4 of 133 comments (clear)

  1. ACPI is a disaster by r00t · · Score: 4, Informative

    We used to standardize hardware interfaces. They stood the test of time, were well supported, and were low overhead. Writing drivers, including boot code, was no serious problem. We didn't need an emulator, virtual machine, etc.

    Decent standards: IDE, VGA, PC serial interface, PC parallel interface, PC keyboard interface, UHCI, OHCI, etc.

    Now we standardize an interface to non-standard hardware via ACPI. The OS is supposed to run ACPI code (a script) in a complicated interpreter. ACPI code is slow and buggy, and generally gets to do whatever it wants with the hardware. It's like making BIOS calls to do everything, but without even the minor advantage of native code.

    This is especially painful for boot loaders. You can't run an ACPI interpreter in a 512-byte boot sector. You probably can't do it in any reasonable boot loader.

    This is even painful for power management. For example, OLPC wants to suspend the CPU between every keystroke; that doesn't work so well if you need to run an ACPI code script to do it.

    1. Re:ACPI is a disaster by Bert64 · · Score: 5, Informative

      Whats worse is that...
      There is a standard for these ACPI scripts, as you pointed out it's not great but at least there is one. There's also a compiler for them, written by Intel that complies with the standard.
      But most hardware makers don't use Intel's compiler that complies with standards... They use Microsoft's compiler that completely breaks the standards, thus OS authors can't just implement according to Intel's published standards, they have to reverse engineer Microsoft's unpublished variations.

      --
      http://spamdecoy.net - free throwaway anonymous email - avoid spam!
    2. Re:ACPI is a disaster by *SECADM · · Score: 4, Informative
      The ACPI interpreter is designed to work within the OSPM. The reason being the assumption that the OS will always be the central point that knows the most about the whole system at any given time, and therefore it is most qualified to make power management decisions.

      About your point about standardizing on an abstract interface of non-standardized hardware, consider:
      1. This is nothing new, and is what always happens in the computer industry. If we were so hung up on standardized hardware interfaces that are well understood by the industry, we would still be coding all in x86/68k/ia64 assembly. Thanks to a wonderful high level (read: abstract) language (C/C++) that is standardized so we can write portable code for.
      2. ACPI hasn't replaced any of those hardware standards you mentioned. E.g. ATA drives still take the same commands as before and the standard is constantly evolving. But more importantly, do those hardware standards have the advance power management capabilities offered by ACPI? And, if they do implement it somehow in the hardware spec, how is updating each individual hardware's firmware *and* driver to include the new power management support, better than just updating the firmware AML code to expose the new capabilities to the OS in a standardized way?
      3. You didn't mention the other half of the ACPI standard, the Configuration aspect of the spec. All those hardware interfaces that you know and love used to each expose its own resource requirement differently, unlike ACPI which standardizes resource descriptors and boot-configured requirements. How is supporting a bunch of hardware specific resource description format better than supporting one standardized format that is well understood by the OS?

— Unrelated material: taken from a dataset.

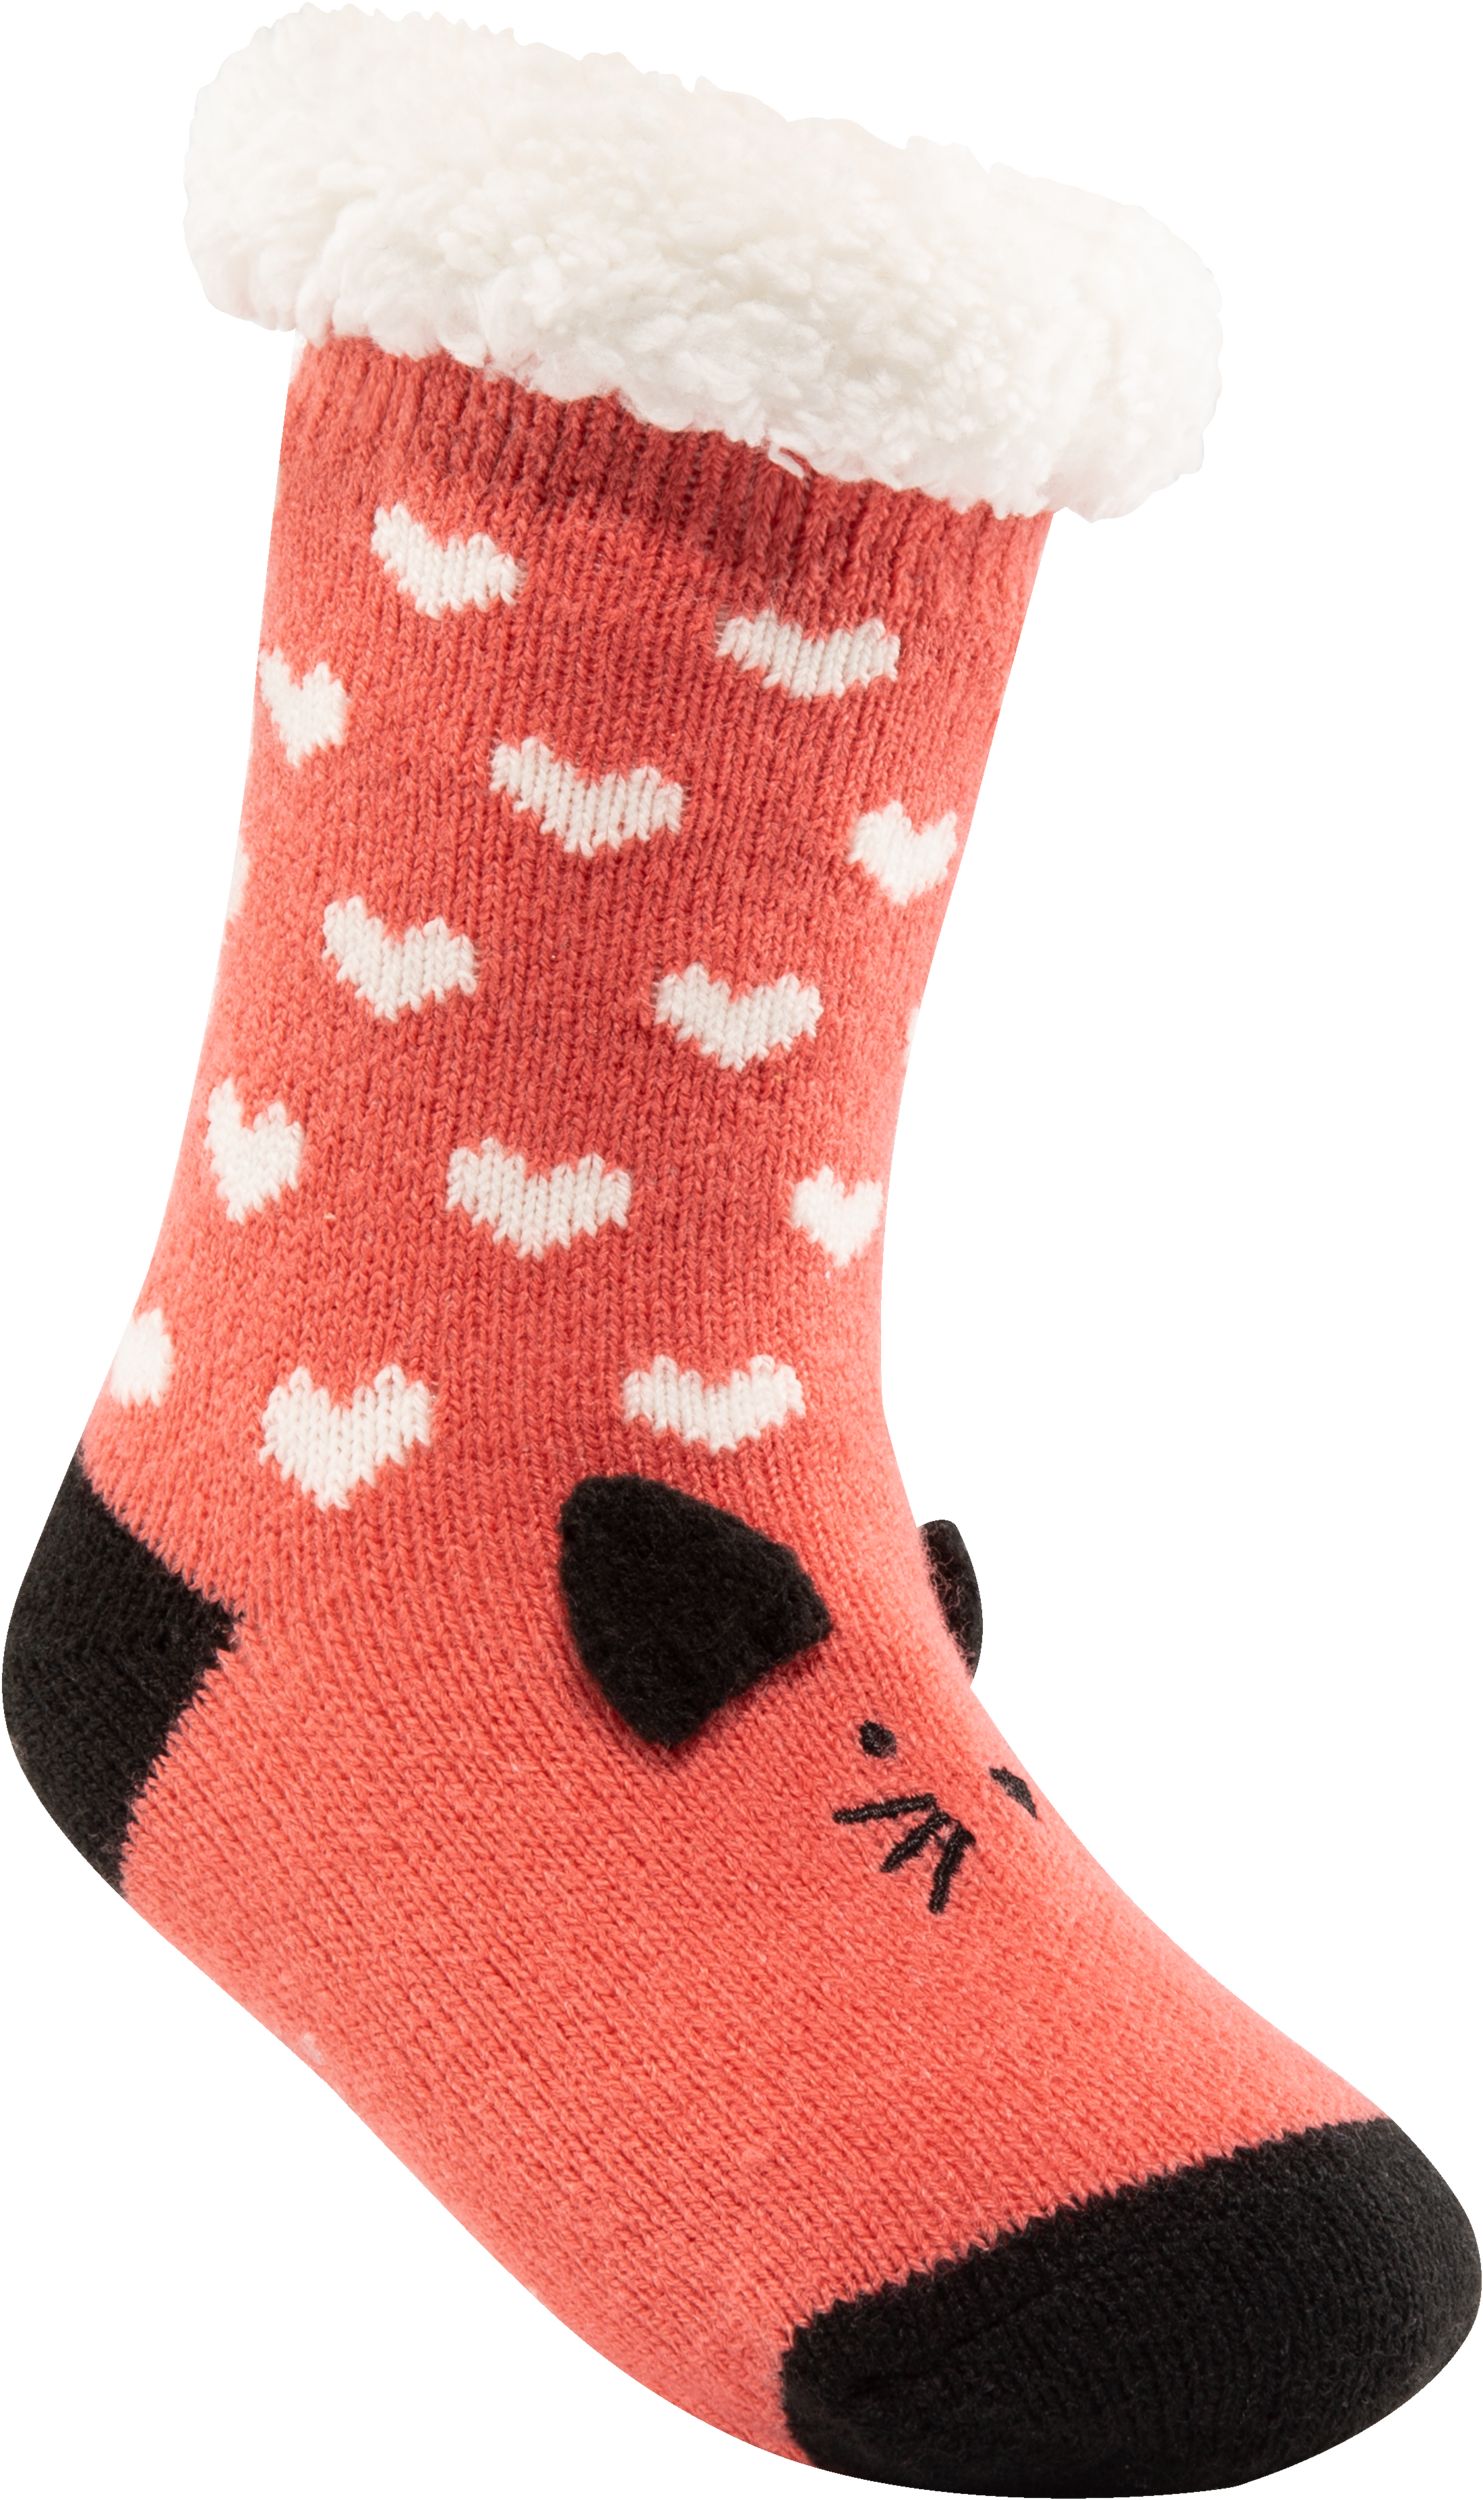 Ripzone Toddler Girls' Kitty Cozy Socks
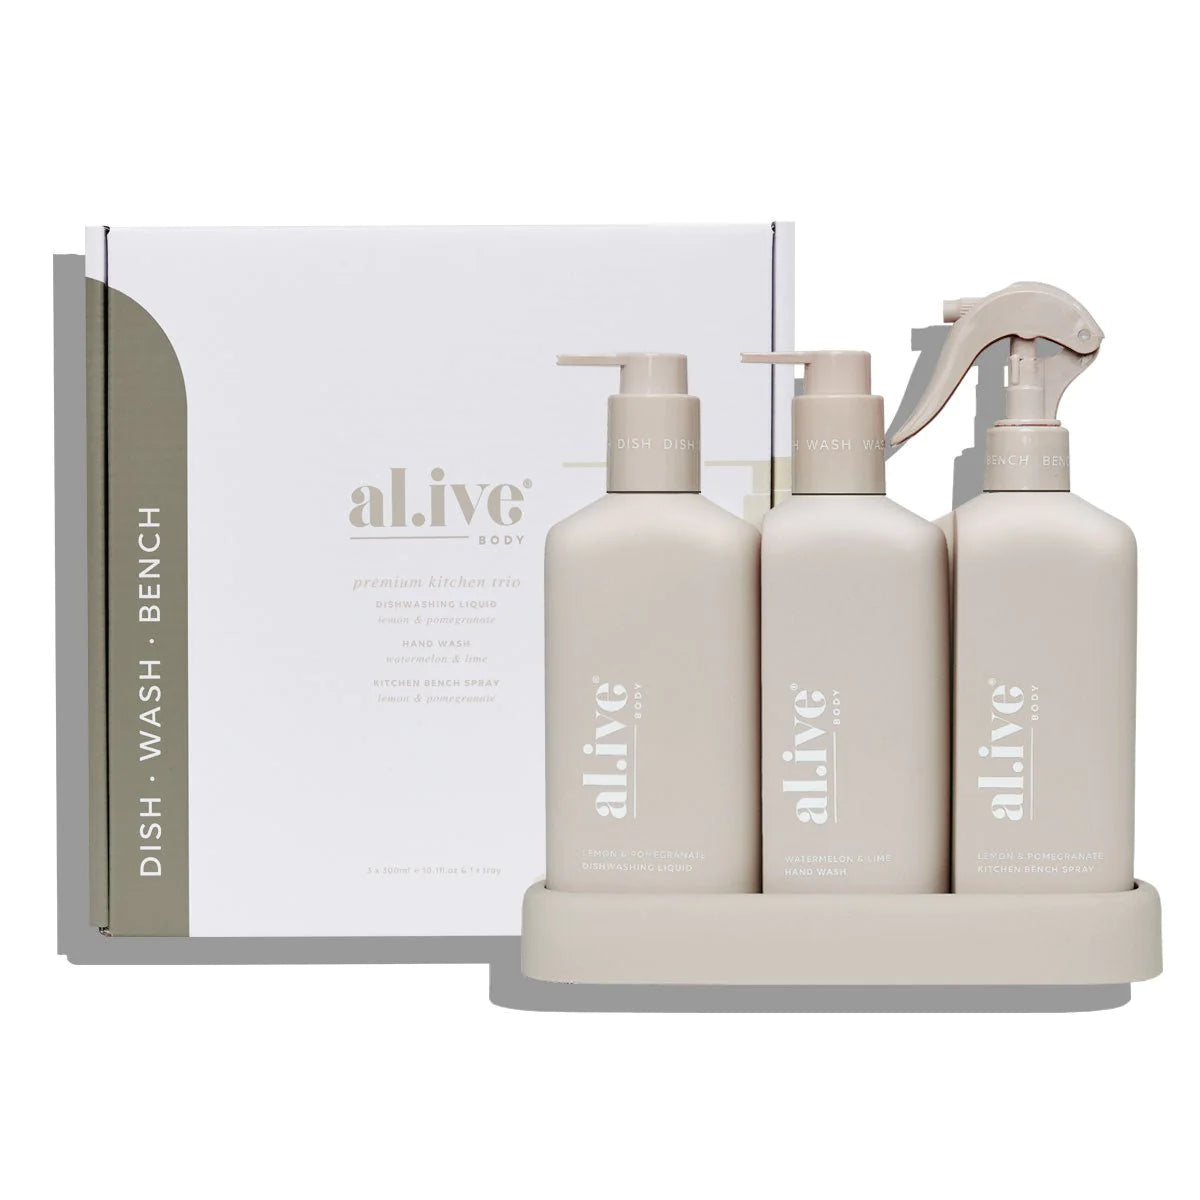 AL.IVE BODY | Dishwashing Liquid, Hand Wash & Bench Spray + Tray, Premium Kitchen Trio

      Finally, to go back to your OLPC example. First of all I am not sure why you would want to put an ACPI interpreter into the boot loader? Is there a reason OLPC is doing this? As for you implying that you need to run ACPI code to suspend the CPU (after each keystroke), this is just not true. C-states (which i assume you are talking about) are entered by simply reading a register for the state, as described by the _CST definition. So all you need to do is parse the definition once, and remember the corresponding registers and never parse the AML code again. Same for T-states or P-states, which are entered by writing to the proper registers. There is no such running "ACPI script" overhead like you've described when handling processor power management.
      --
      sure I'll have a sig.
  2. Whatever by Anonymous Coward · · Score: 5, Informative

    Noones computer idles at 500 Watts, not even close. I wish people would check their facts before posting nonsense.

    My 4 year old xenon dual processor (Thats two physical CPUs) PC with (~10 fans) with no power management support in the CPUs idles at 200 watts including powering the display and extraneous trinkets attached to the watt meter plugged into my wall.

    All new PCs with multiple cores on single processors have power management features and use concideribly less power when idling.

    Whats worse is the article spouts all kinds of mostly useless techno crap about power states without providing any context into what it means or useful information in terms of actual OS power settings one can configure to do something about their PCs power usage.